- _RECORDS SHOWN_:
*** Block opens ***

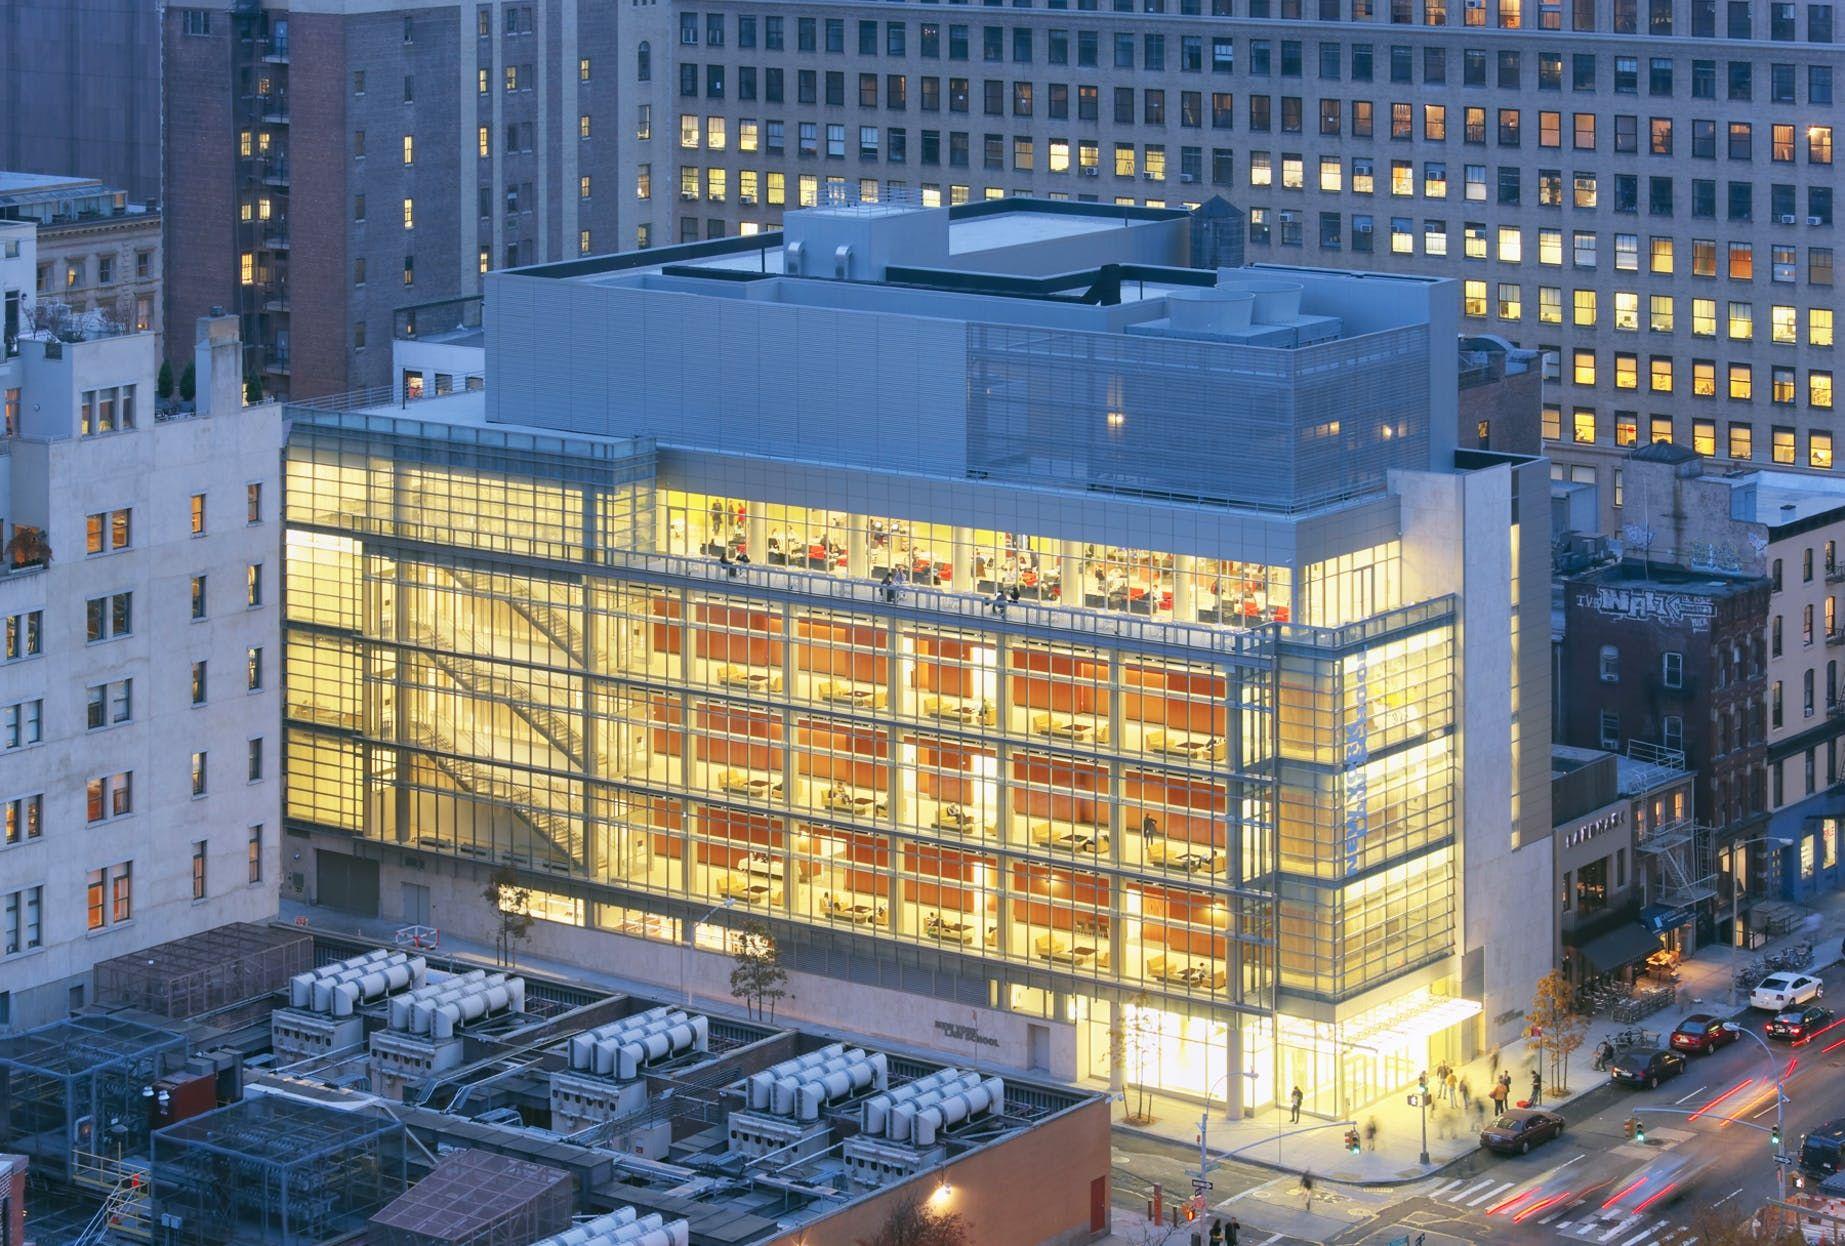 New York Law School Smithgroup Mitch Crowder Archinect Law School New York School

*** Block closes ***
*** Block opens ***

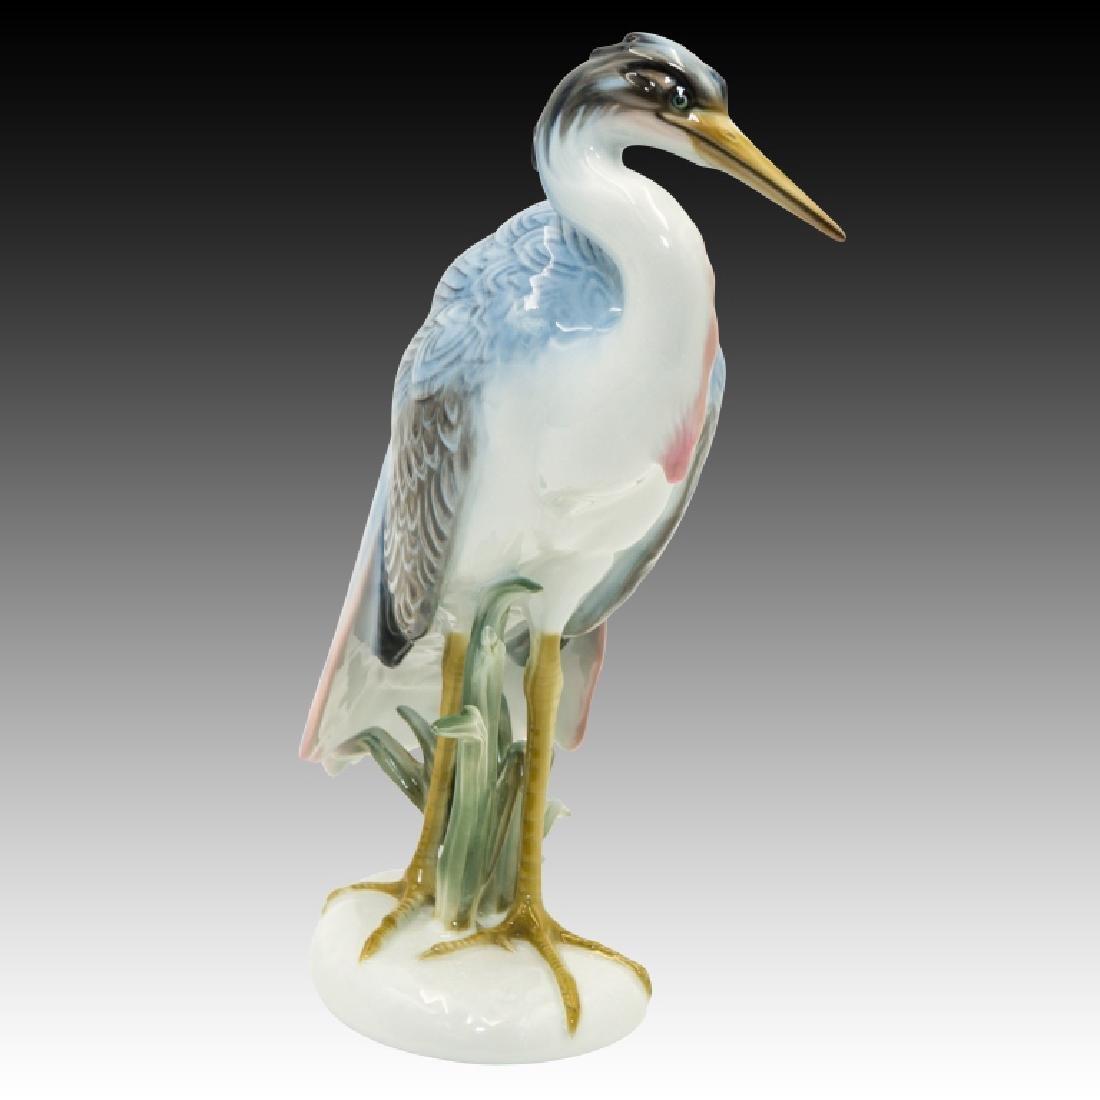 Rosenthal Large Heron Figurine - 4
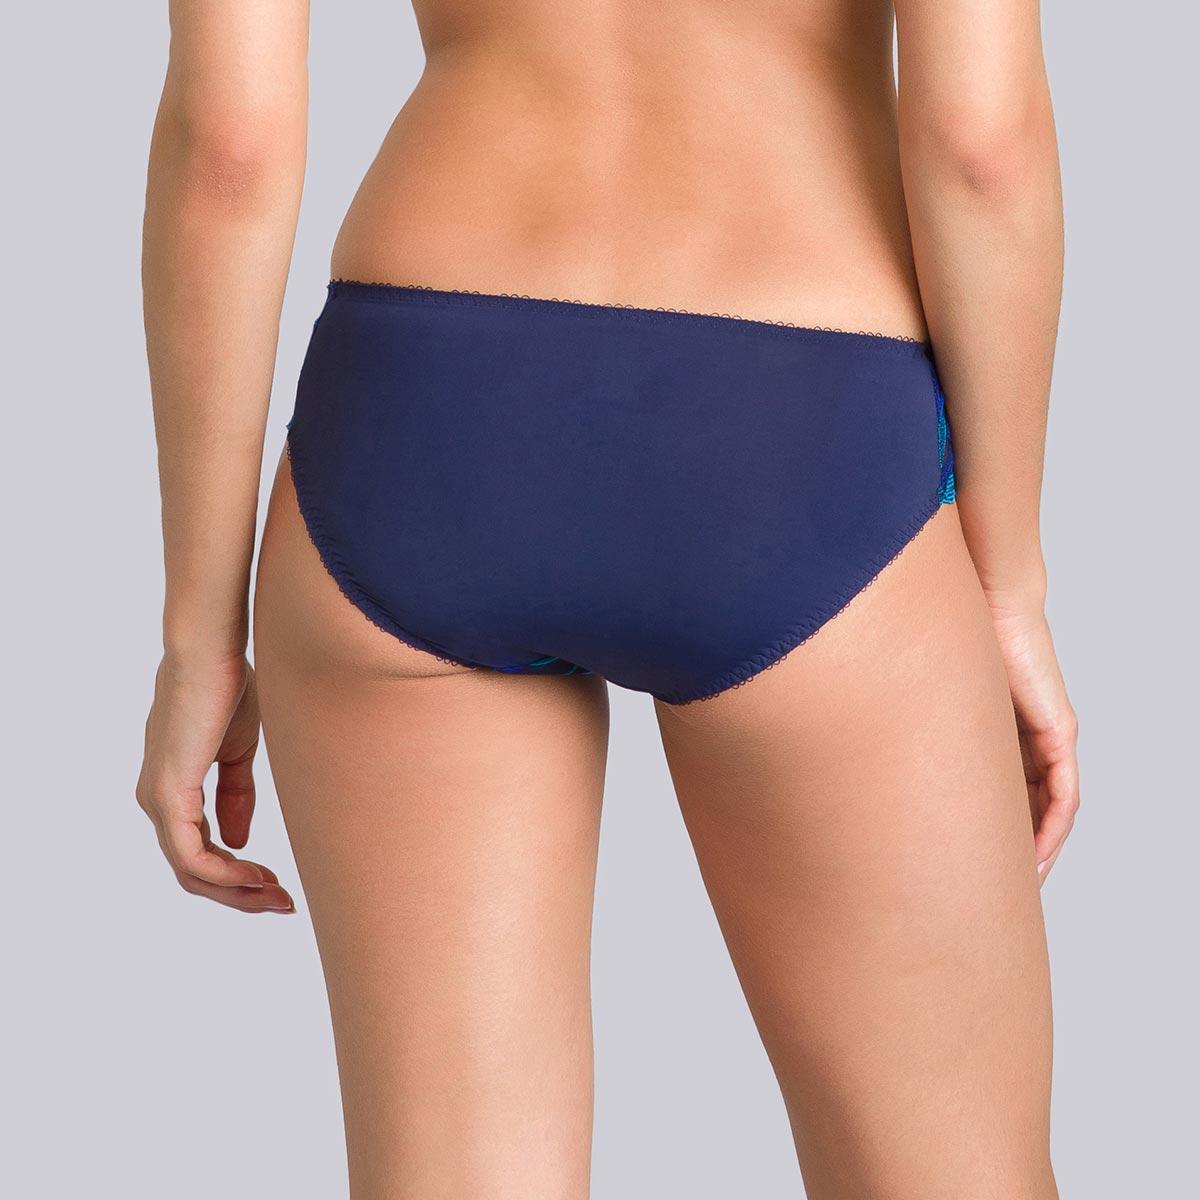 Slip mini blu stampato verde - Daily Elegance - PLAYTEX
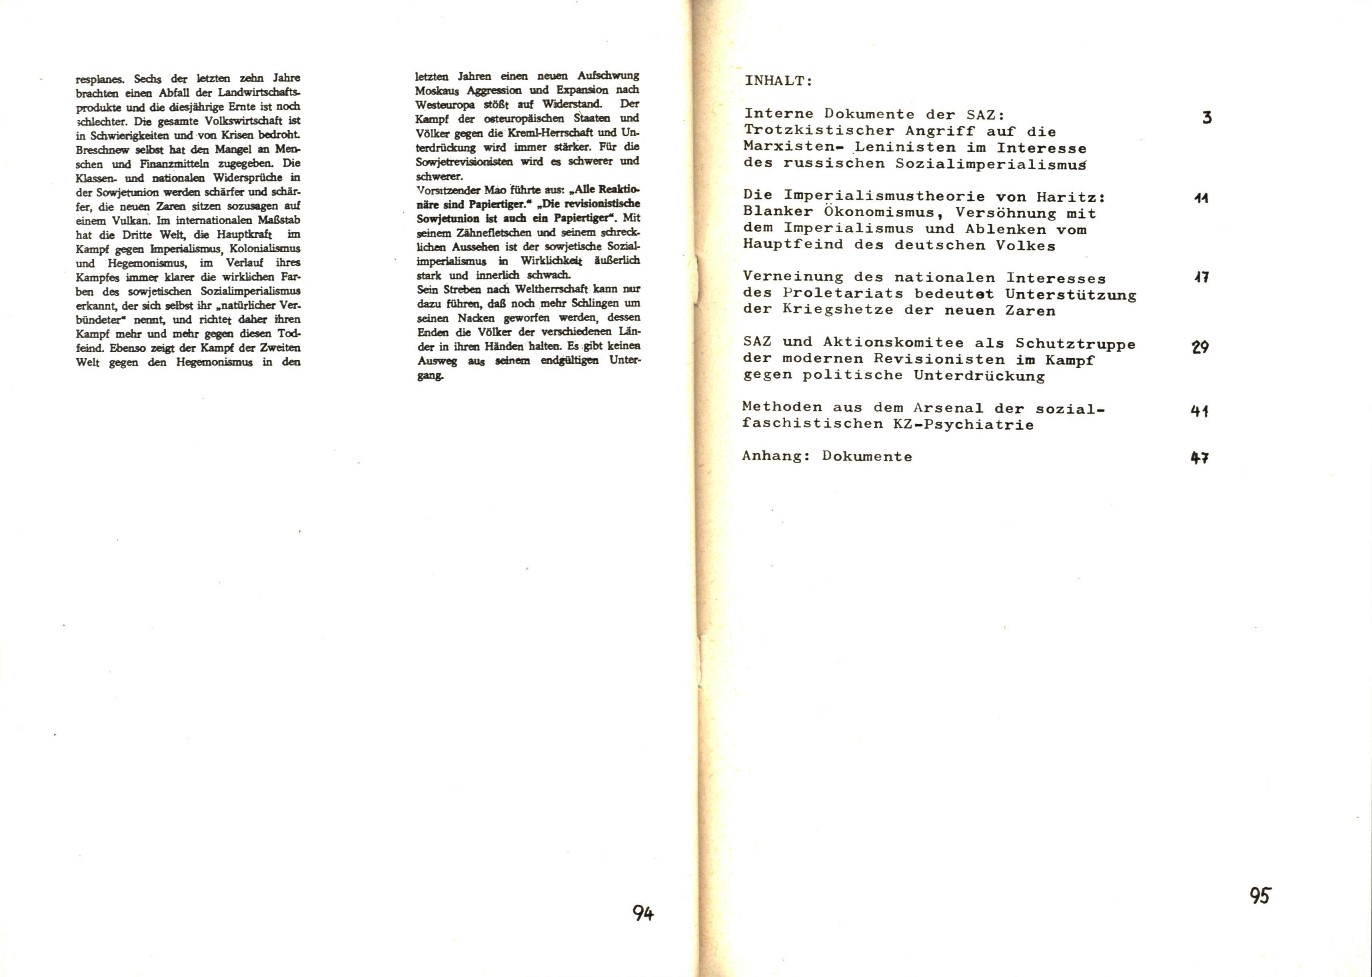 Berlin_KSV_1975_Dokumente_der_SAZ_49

*** Block closes ***
*** Block opens ***

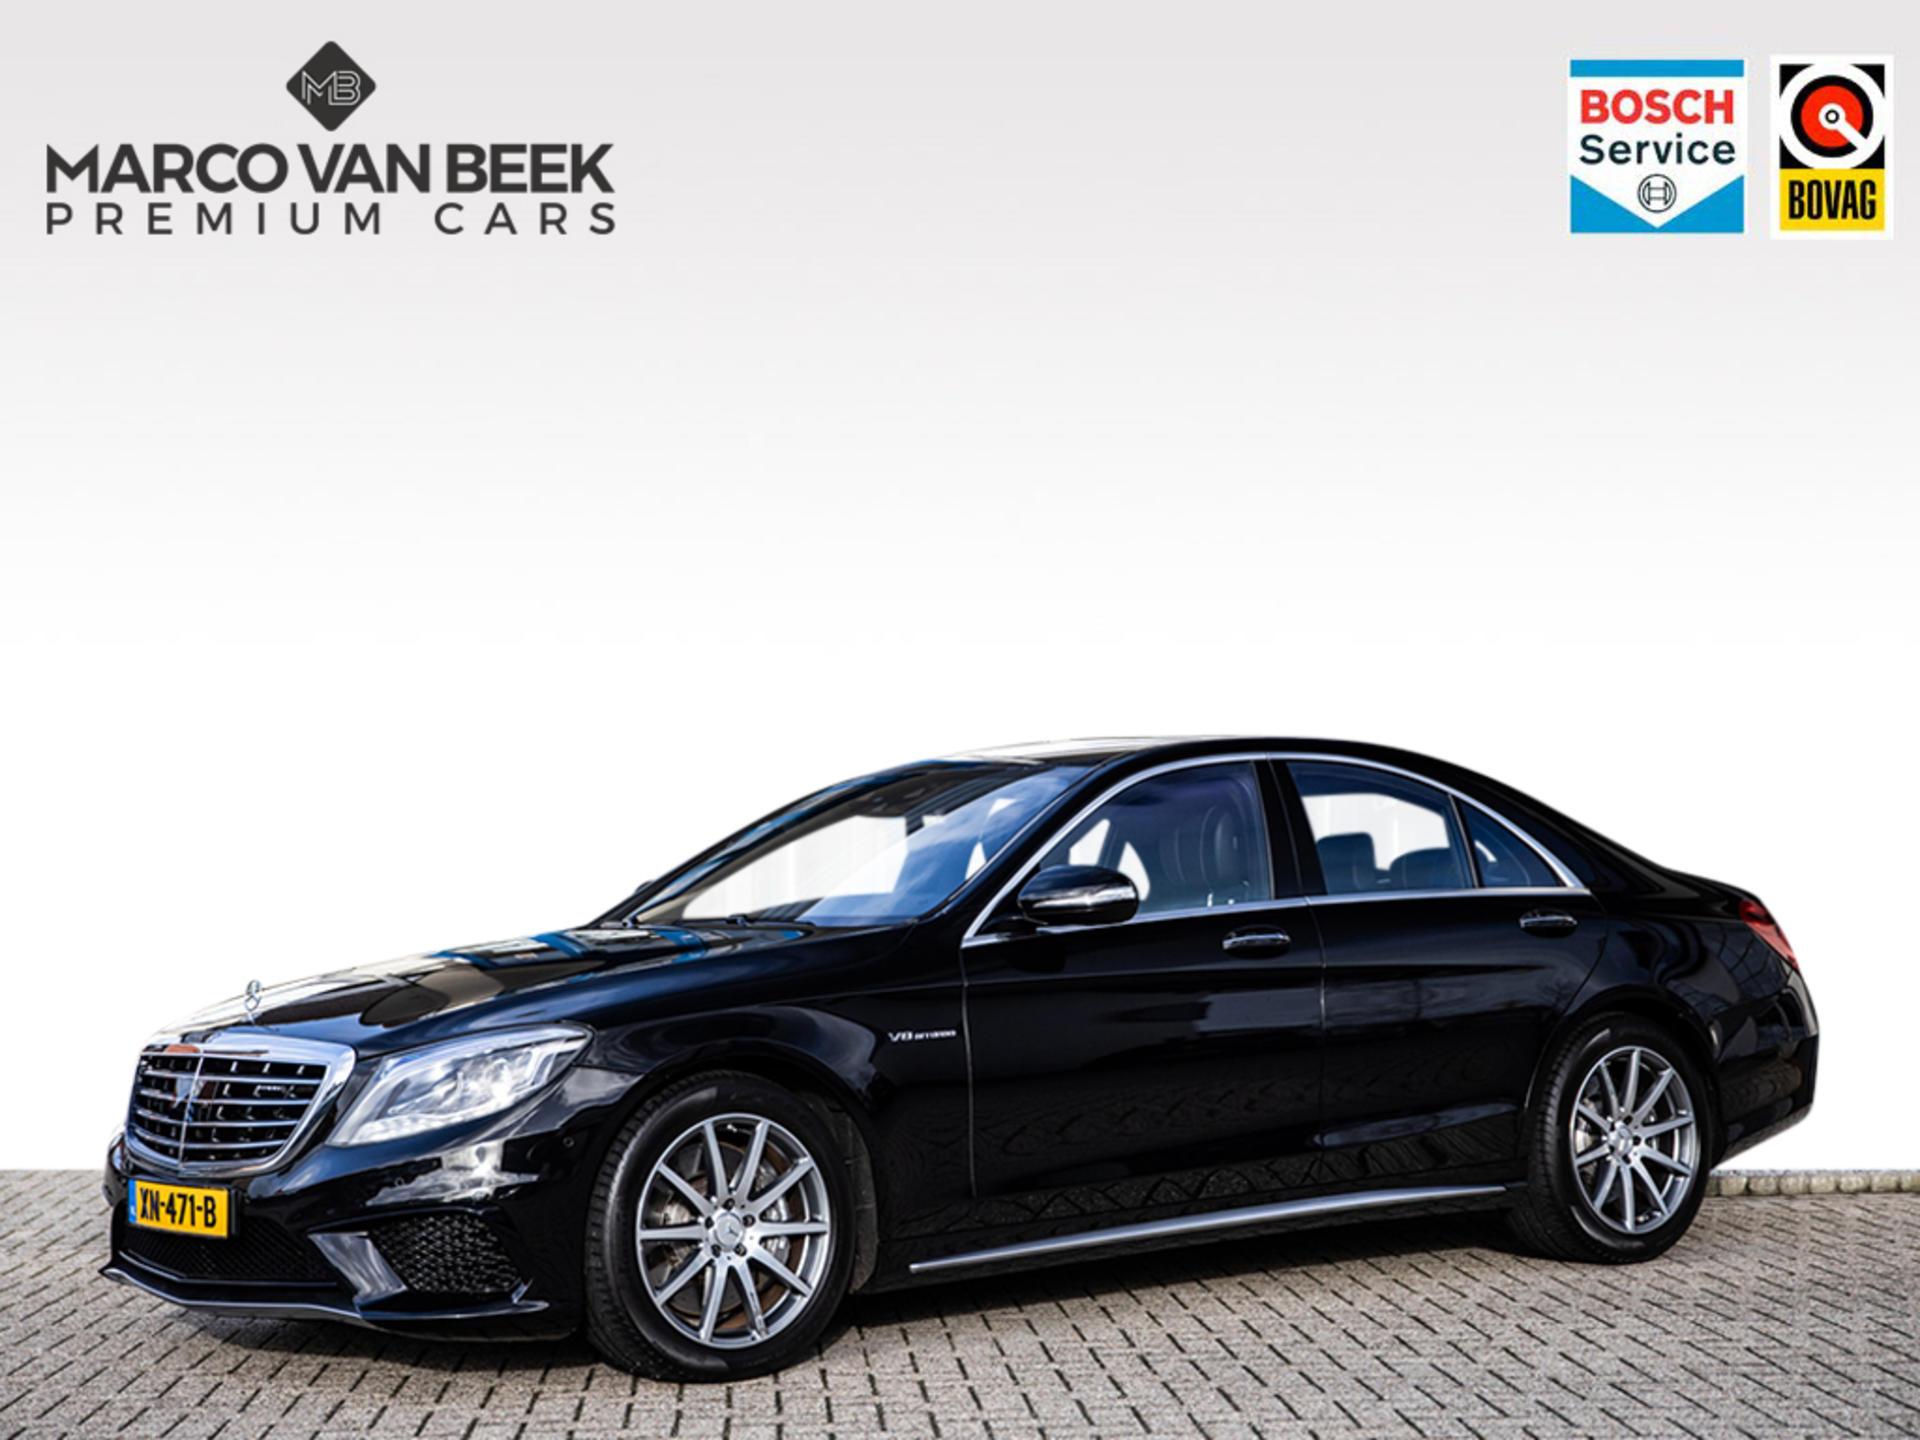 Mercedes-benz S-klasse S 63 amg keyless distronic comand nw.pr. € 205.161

*** Block closes ***

- _INSTRUCTIONS TO FOLLOW_:
In the records above, everything from the line with "Slip mini blu" down to the line with "Berlin_KSV_1975_Dokumente_der_SAZ_49" must be duplicated exactly, both lines kept. Leave no pictures in.

- _RESPONSE AREA_:
 Slip mini blu stampato verde - Daily Elegance - PLAYTEX
 Berlin_KSV_1975_Dokumente_der_SAZ_49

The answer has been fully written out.